Step1: Analyze Triangle ABC (to find hypotenuse)

In right - triangle \(ABC\), \(AC = 6\), \(BC = 8\). By Pythagorean theorem \(AB=\sqrt{AC^{2}+BC^{2}}=\sqrt{6^{2}+8^{2}}=\sqrt{36 + 64}=\sqrt{100}=10\). Also, \(\angle A = 53^{\circ}\), and we know that \(\sin(53^{\circ})\approx\frac{4}{5}\), \(\cos(53^{\circ})\approx\frac{3}{5}\), \(\tan(53^{\circ})\approx\frac{4}{3}\) (from the ratio of sides \(BC/AB = 8/10=\frac{4}{5}\), \(AC/AB = 6/10=\frac{3}{5}\), \(BC/AC = 8/6=\frac{4}{3}\)).

Step2: Determine the ratios for \(\angle D\)

Since \(\angle D=53^{\circ}\) (same as \(\angle A\)) and triangle \(DEF\) is a right - triangle (right - angled at \(F\)), the trigonometric ratios for an acute angle in a right - triangle depend only on the measure of the angle (not the size of the triangle).

For \(\angle D\):

• \(\sin(D)=\sin(53^{\circ})=\frac{\text{opposite}}{\text{hypotenuse}}\). In a right - triangle with angle \(53^{\circ}\), the opposite side to \(53^{\circ}\) and adjacent side and hypotenuse have the same ratio as in triangle \(ABC\). So \(\sin(D)=\frac{4}{5}\) (or \(\frac{BC}{AB}=\frac{8}{10}\)).
• \(\cos(D)=\cos(53^{\circ})=\frac{\text{adjacent}}{\text{hypotenuse}}=\frac{3}{5}\) (or \(\frac{AC}{AB}=\frac{6}{10}\)).
• \(\tan(D)=\tan(53^{\circ})=\frac{\text{opposite}}{\text{adjacent}}=\frac{4}{3}\) (or \(\frac{BC}{AC}=\frac{8}{6}\)).

We can also think in terms of the general definition: Let the opposite side to \(\angle D\) be \(EF\), adjacent side be \(DF\), hypotenuse be \(DE\).

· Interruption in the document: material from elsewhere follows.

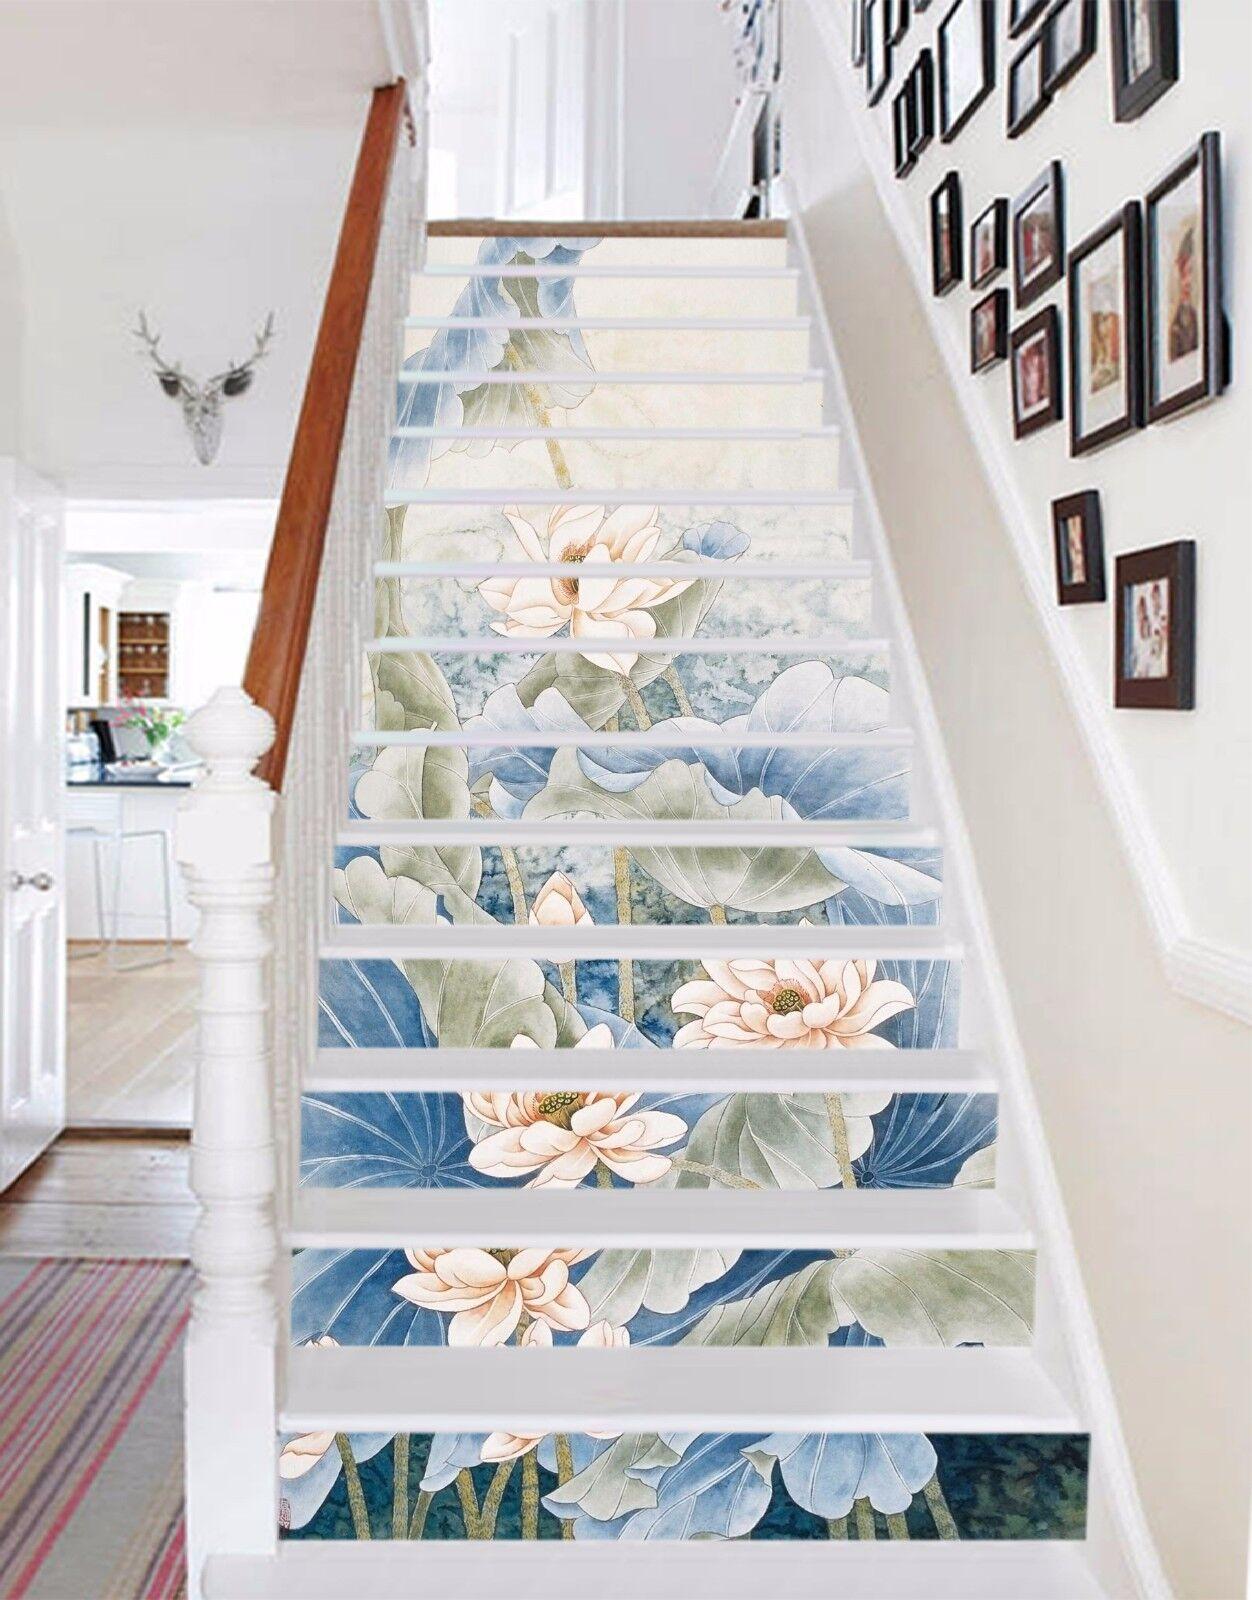 3D Flower leaf 337 Stair Risers Decoration Photo Mural Vinyl Decal Wallpaper UK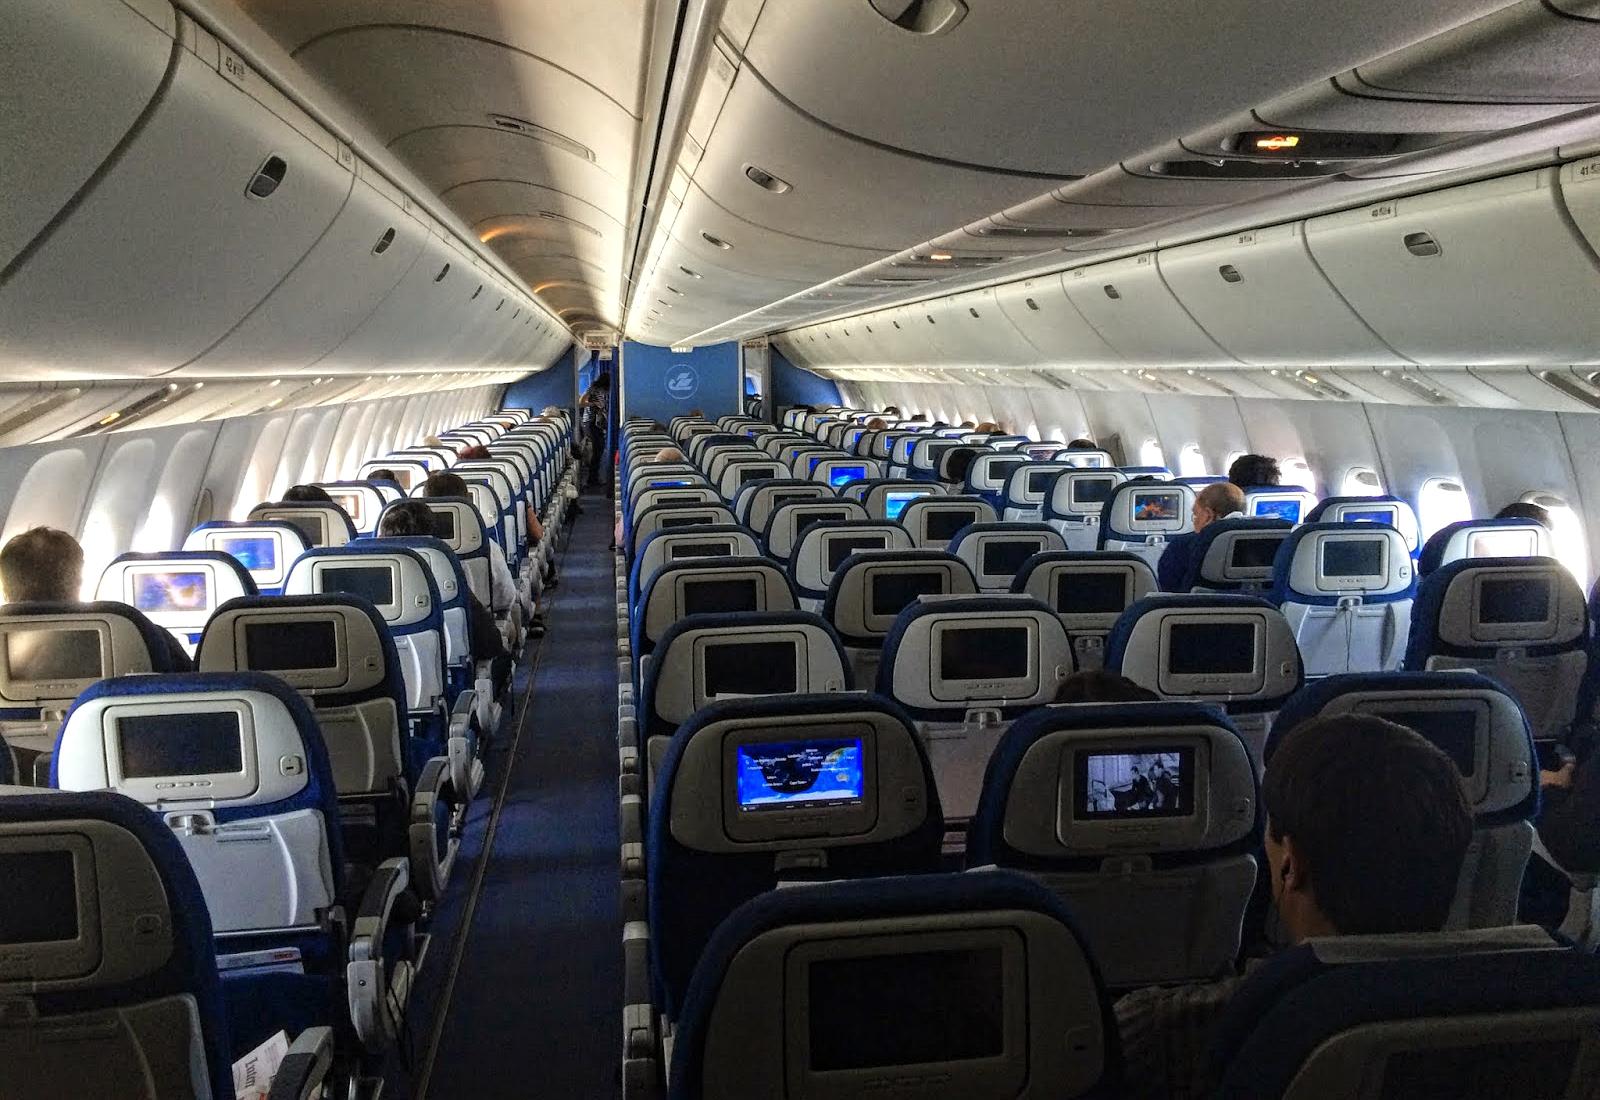 Uzbekistan Airways Boeing 787-8 Economy Class Interior

Since \(\angle D = 53^{\circ}\) (same as \(\angle A\)), the ratios \(\frac{EF}{DE}\), \(\frac{DF}{DE}\), \(\frac{EF}{DF}\) will be equal to \(\frac{BC}{AB}\), \(\frac{AC}{AB}\), \(\frac{BC}{AC}\) respectively because the triangles are similar (AA similarity, as both are right - triangles and have a \(53^{\circ}\) angle).

Answer:

\(\sin(D)=\frac{4}{5}\), \(\cos(D)=\frac{3}{5}\), \(\tan(D)=\frac{4}{3}\)